If the soft/hard reset with the combination of being plugged into the charger doesn't work, you should probably call customer service.

Why do Kindles freeze up? I am sure there are many reasons but the most common seem to be: 1) letting the battery charge run down too low, so that there is not enough power to refresh the page; and 2) pushing too many buttons in quick succession, thus interfering with the memory.

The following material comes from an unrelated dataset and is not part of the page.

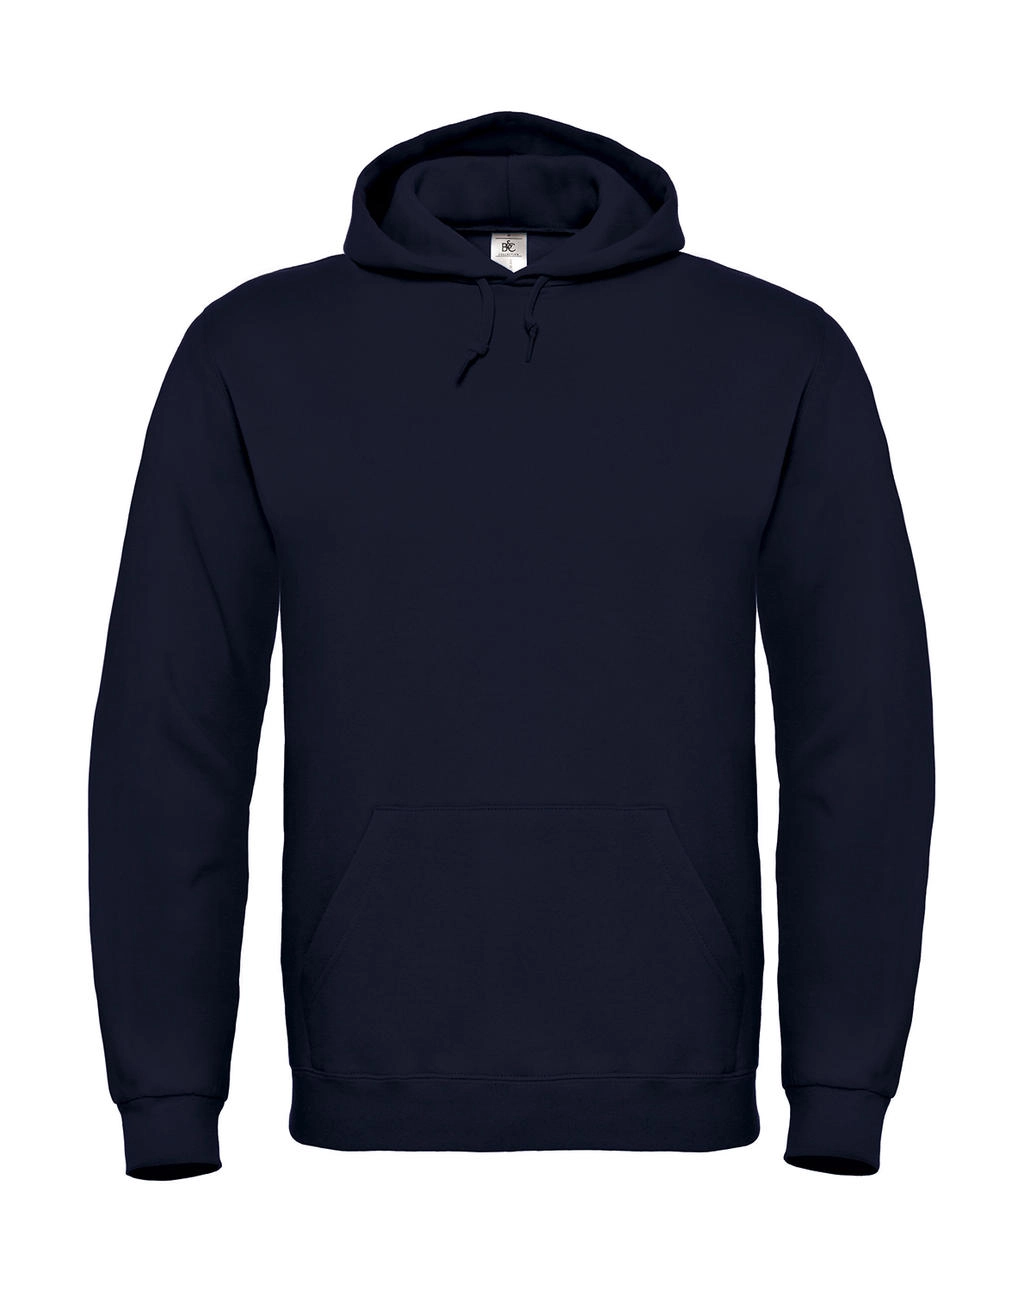 ID.003 Cotton Rich Hooded Sweatshirt zum Besticken und Bedrucken in der Farbe Navy mit Ihren Logo, Schriftzug oder Motiv.

The Kindle also indexes the books that are loaded onto it, so that the search function will work properly. If you have downloaded a lot of books or a very large book and you interrupt the Kindle is in the process of indexing, that might cause it to freeze.


----------



## lauraj (Jun 6, 2009)

Thanks - i guess that's a yes. The kindle was off when it fell, so I didn't know if I should turn it on (it didn't say in the user's guide that came with it either).


----------



## intinst (Dec 23, 2008)

I am sorry, yes it should be on.


----------



## drenee (Nov 11, 2008)

lauraj, sorry to hear about your problem.  
Welcome to the Boards.  I hope your K1 is okay this morning.  Let us know.
deb


----------



## lauraj (Jun 6, 2009)

The hard reset with it plugged in and turned on didn't work, so I did a hard reset with it unplugged and turned on, and wiggled the battery around a bit. It's working now! Thanks so much for the help.


----------



## intinst (Dec 23, 2008)

Doesn't sound like I was much help, you fixed it. I will file that away for future reference. Glad it is working.


----------



## marianneg (Nov 4, 2008)

lauraj said:


> wiggled the battery around a bit


That might have been your problem - the battery connector might have been disconnected, or just barely connecting.


----------



## kevindorsey (Mar 4, 2009)

Looks like the battery is busted?


----------



## marianneg (Nov 4, 2008)

kevindorsey said:


> Looks like the battery is busted?


Why on earth would you say that if it is working now?


----------